Hong Kong-style desserts include a wide selection of traditional desserts such as sugar water (known as sweet soup in the north), including red bean paste, green bean paste, sesame paste, almond paste, stewed milk, sago dessert, walnut dessert and dessert cooler, etc. Western-style desserts include mango pudding, cheesecake, etc., as well as sago pudding, which is a fusion of the Chinese and Western styles, and the Yang Zhi Gan Ren (杨枝甘露) and sago desserts, which have appeared in recent years.

Herbal Tea

As the weather in Hong Kong is hot and humid, herbal tea has become a popular herbal beverage to relieve heat and disinfect the body, such as Twenty-four Flavours, Five-Flower Tea, Chicken Bonewort, Fireweed, Chrysanthemum Tea, Sour Plum Soup, Bamboo Sugar Cane and Thatched Root Water, amongst others.
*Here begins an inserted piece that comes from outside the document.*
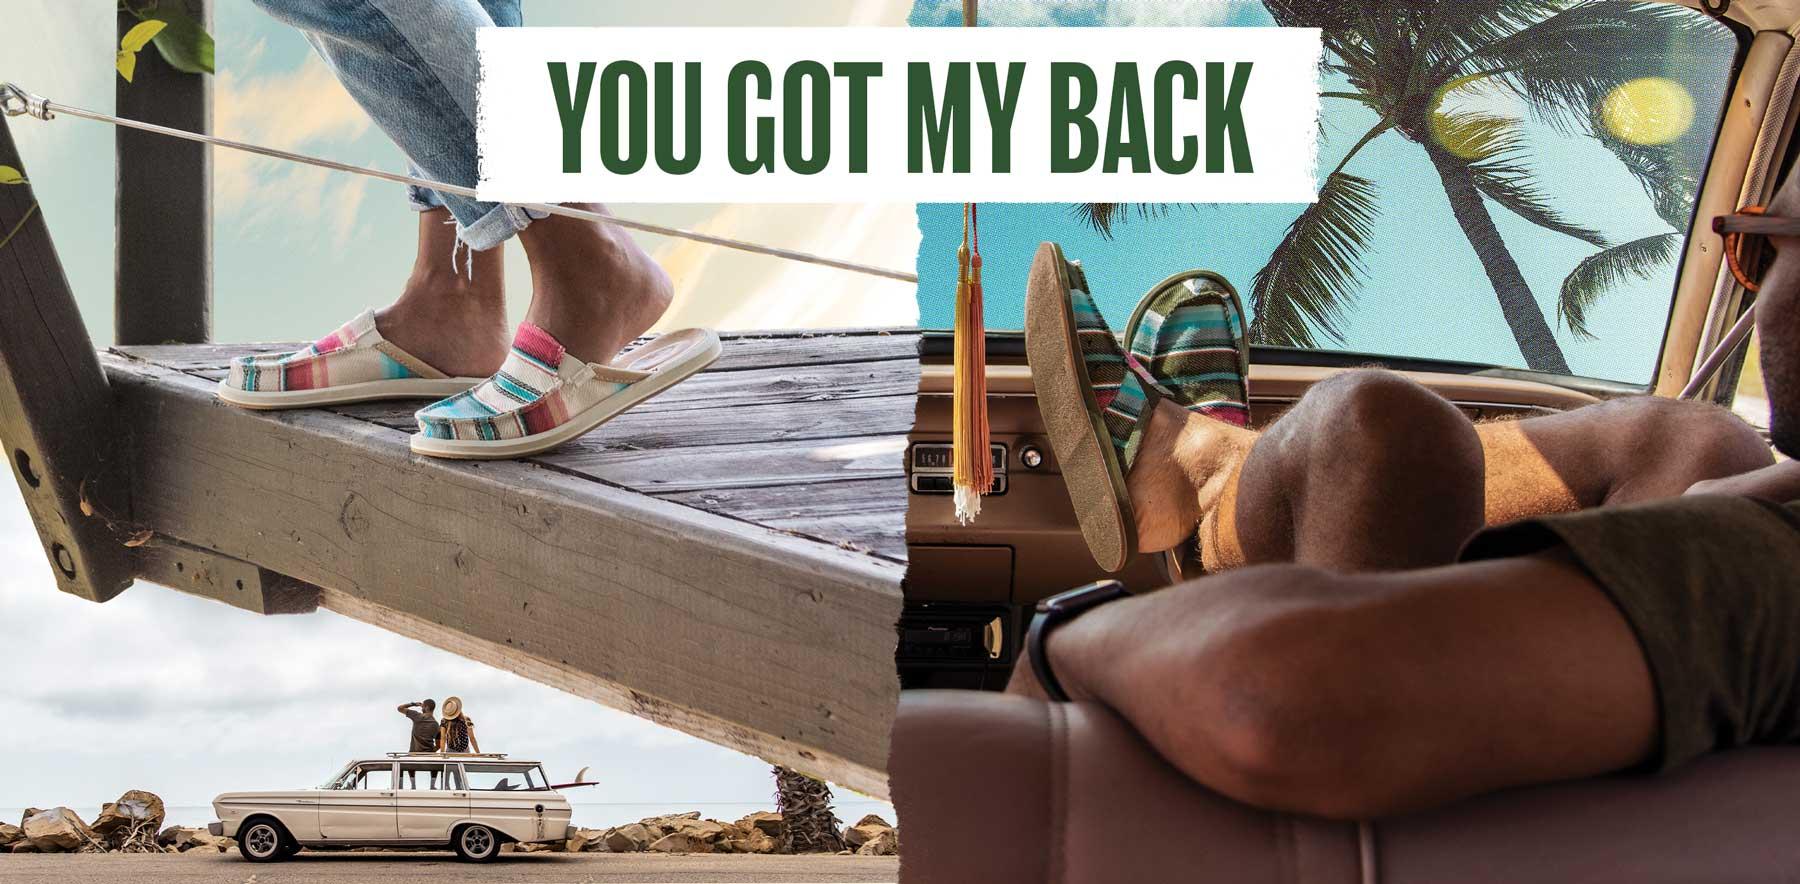 You Got My Back

As for cold fruits, there are Jiayingzi, hawthorn cake, plums, Chenpi plums and plane olives.

Private Dish

In the wake of the 1997 Asian financial crisis and the economic downturn in Hong Kong, private kitchens became a new mode of operation in the catering industry. Private dining in China was originally the result of the constant quest of the rich and powerful for a better diet after they had settled down in their lives, resulting in special dishes that favoured the tastes of their masters. Hong Kong people transplanted the private kitchens of various provinces in China to Hong Kong and operated them in the form of hidden upstairs shops all over Hong Kong and Kowloon, such as Famous Private Cuisine, Xi Yan, and Living Colour and Fragrance. Later on, apart from Sichuan, Chaozhou and Shunde private kitchens, there are also French, Italian, Japanese and vegetarian private kitchens.